Every line from the one holding "Brandi Jamille Brown" through the one holding "Bayesian Methods and" in the data below must be returned exactly, both ends included, with pictures left out and nothing else added.

> Exercise inputs:
__________________________________________________
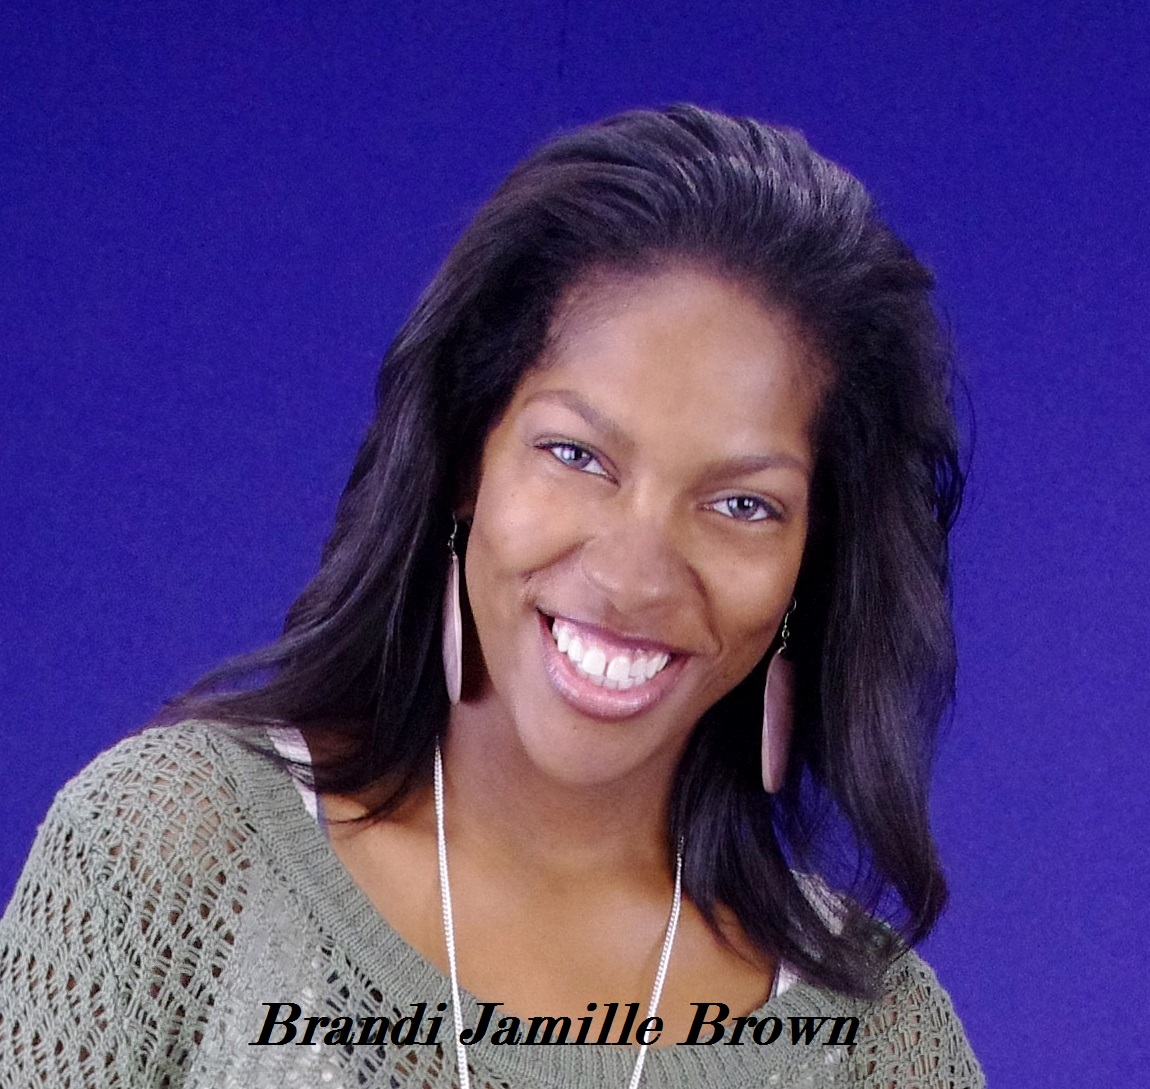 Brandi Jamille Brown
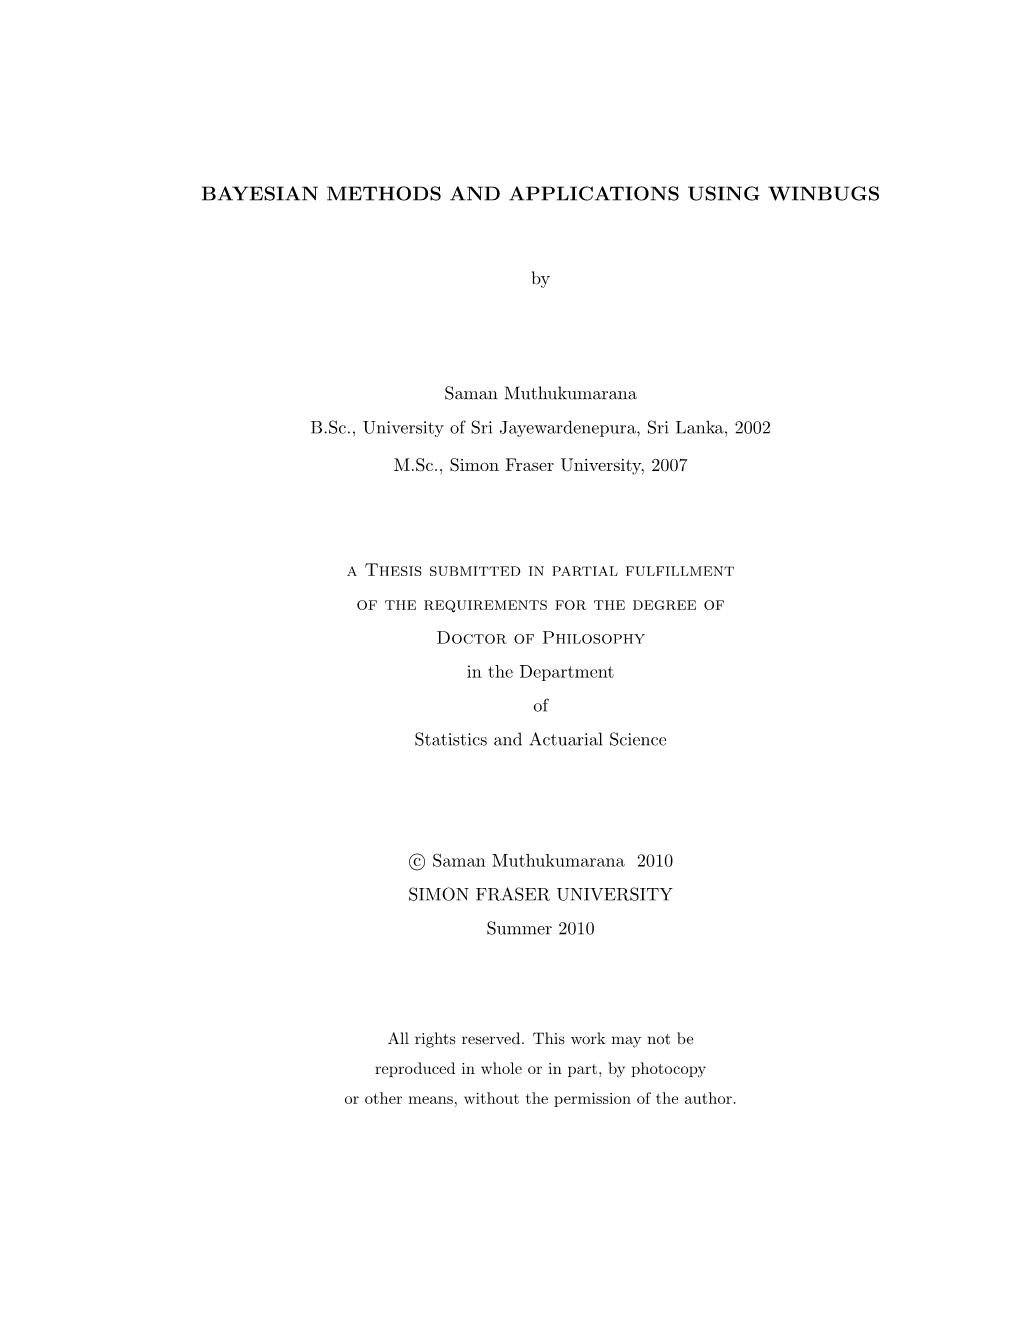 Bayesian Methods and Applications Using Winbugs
__________________________________________________
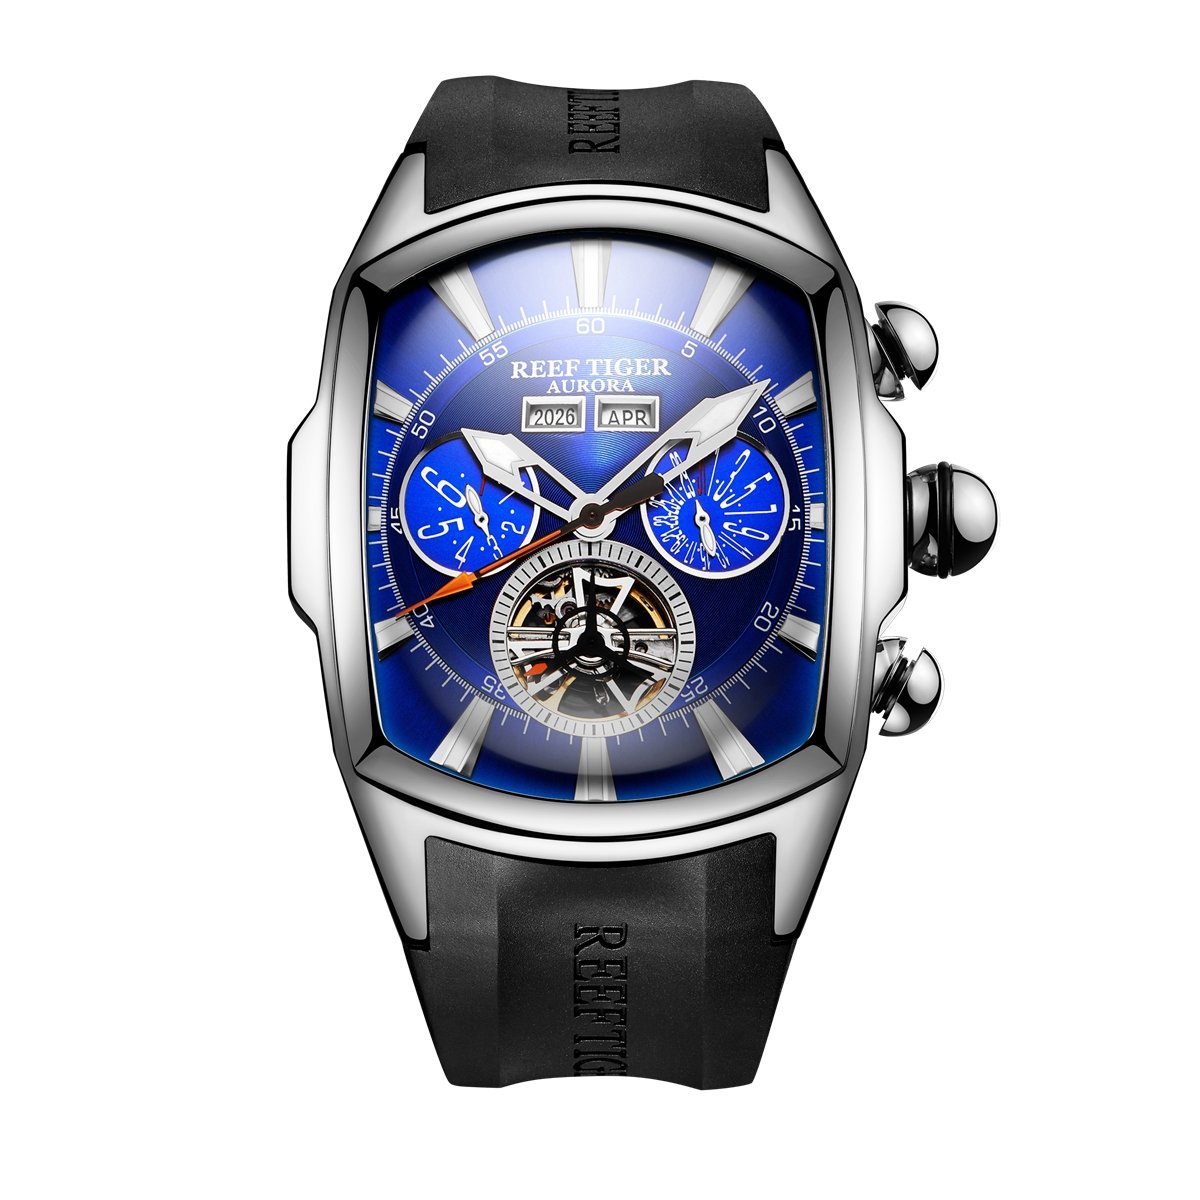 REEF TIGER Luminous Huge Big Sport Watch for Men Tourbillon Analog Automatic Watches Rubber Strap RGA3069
__________________________________________________
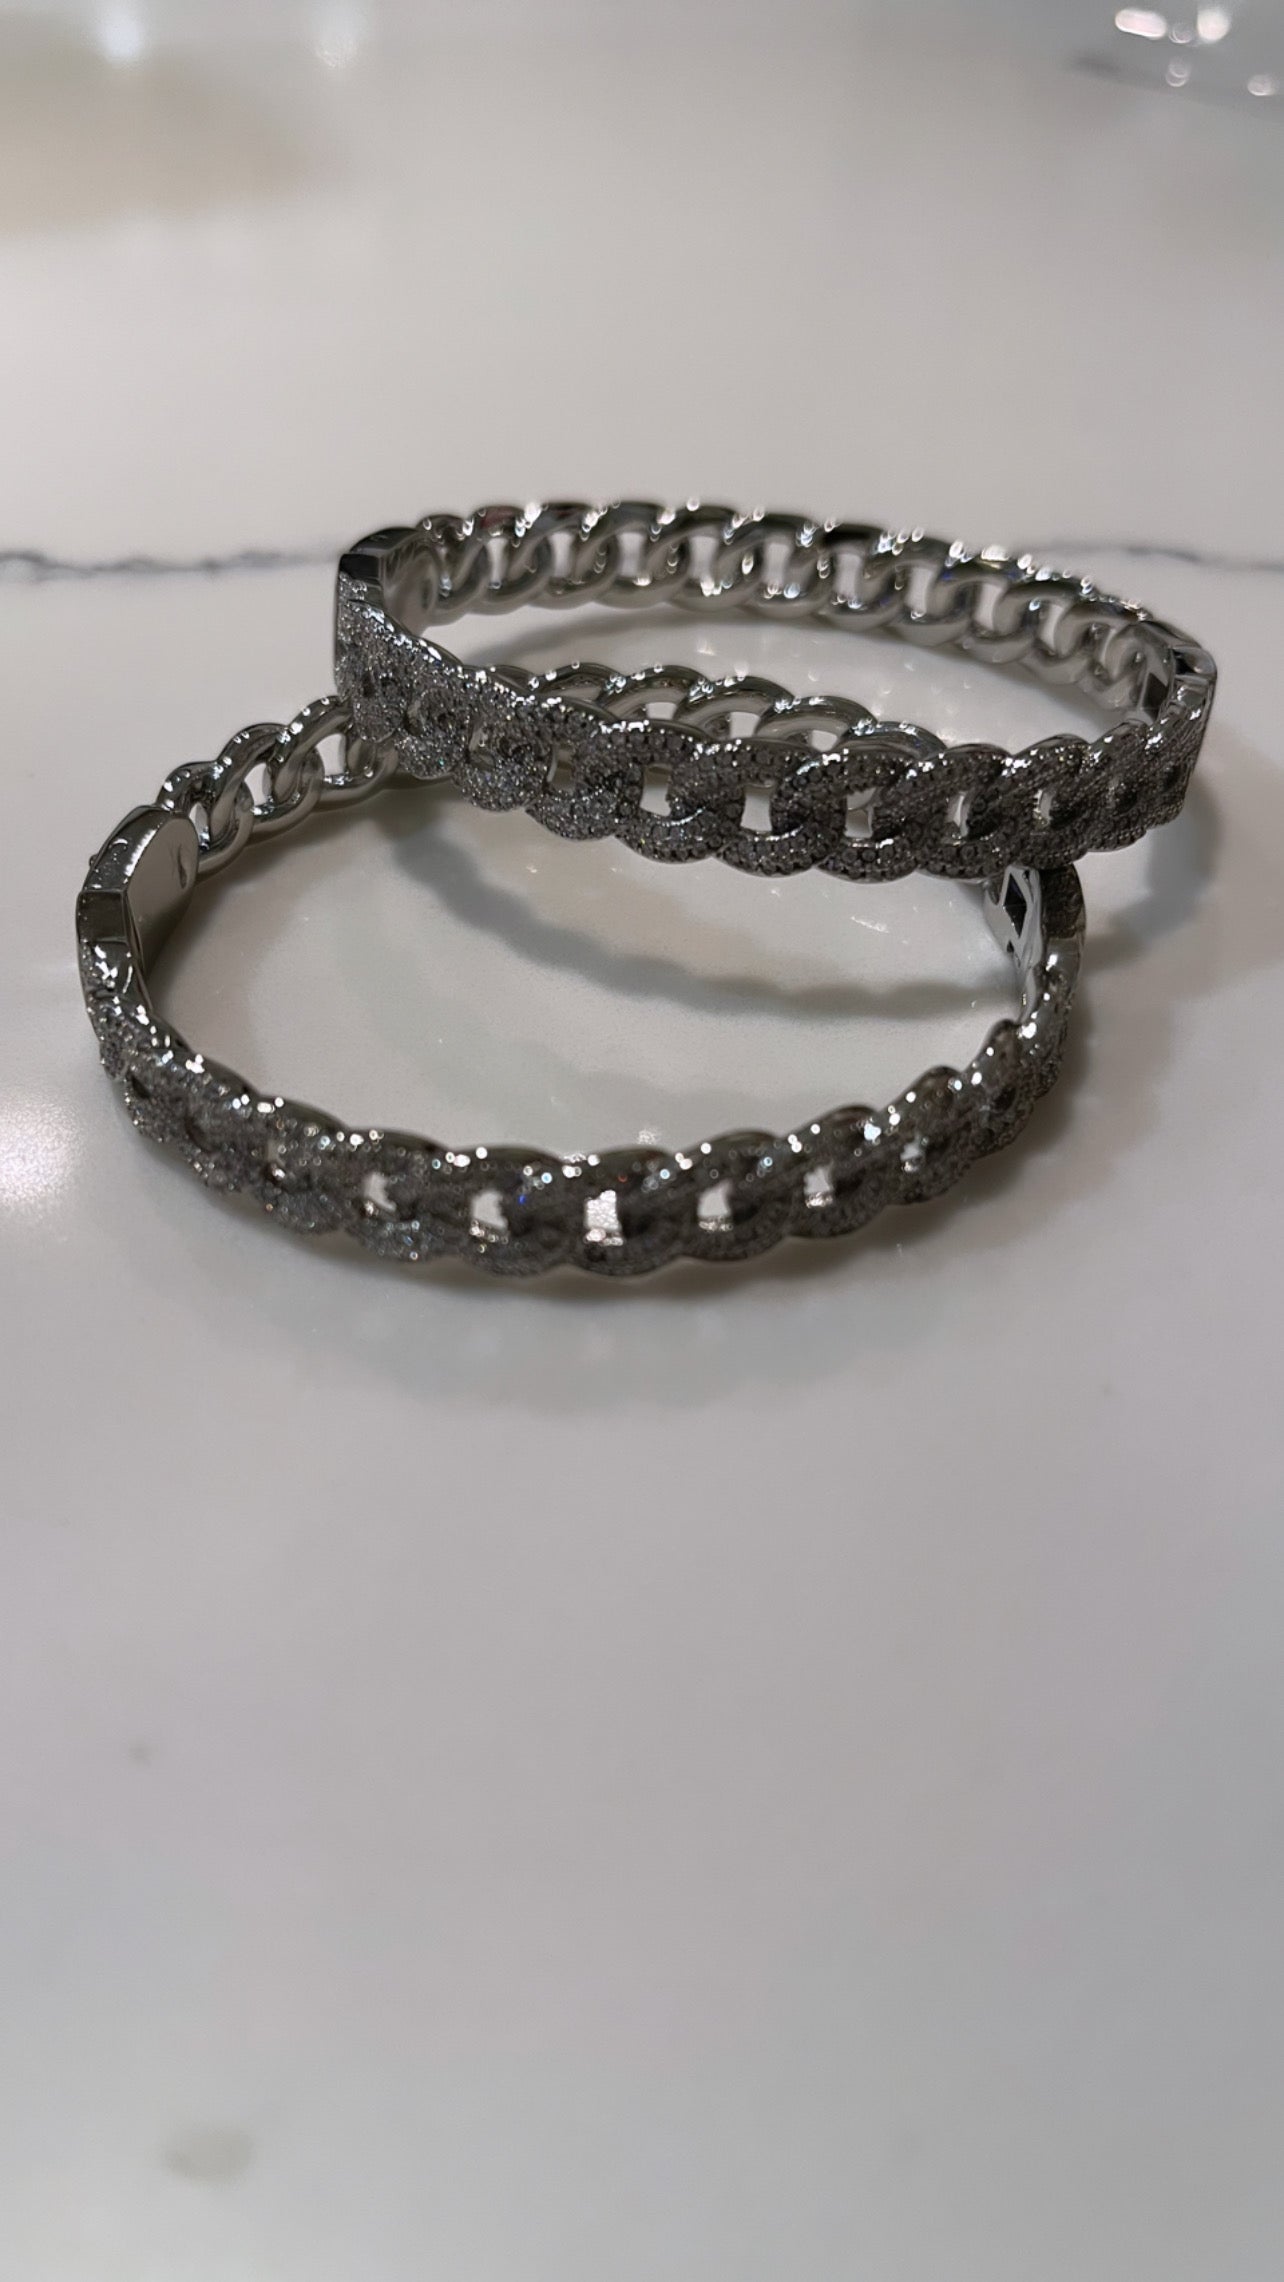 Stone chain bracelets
__________________________________________________
> Solution to the problem:
 Brandi Jamille Brown
 Bayesian Methods and Applications Using Winbugs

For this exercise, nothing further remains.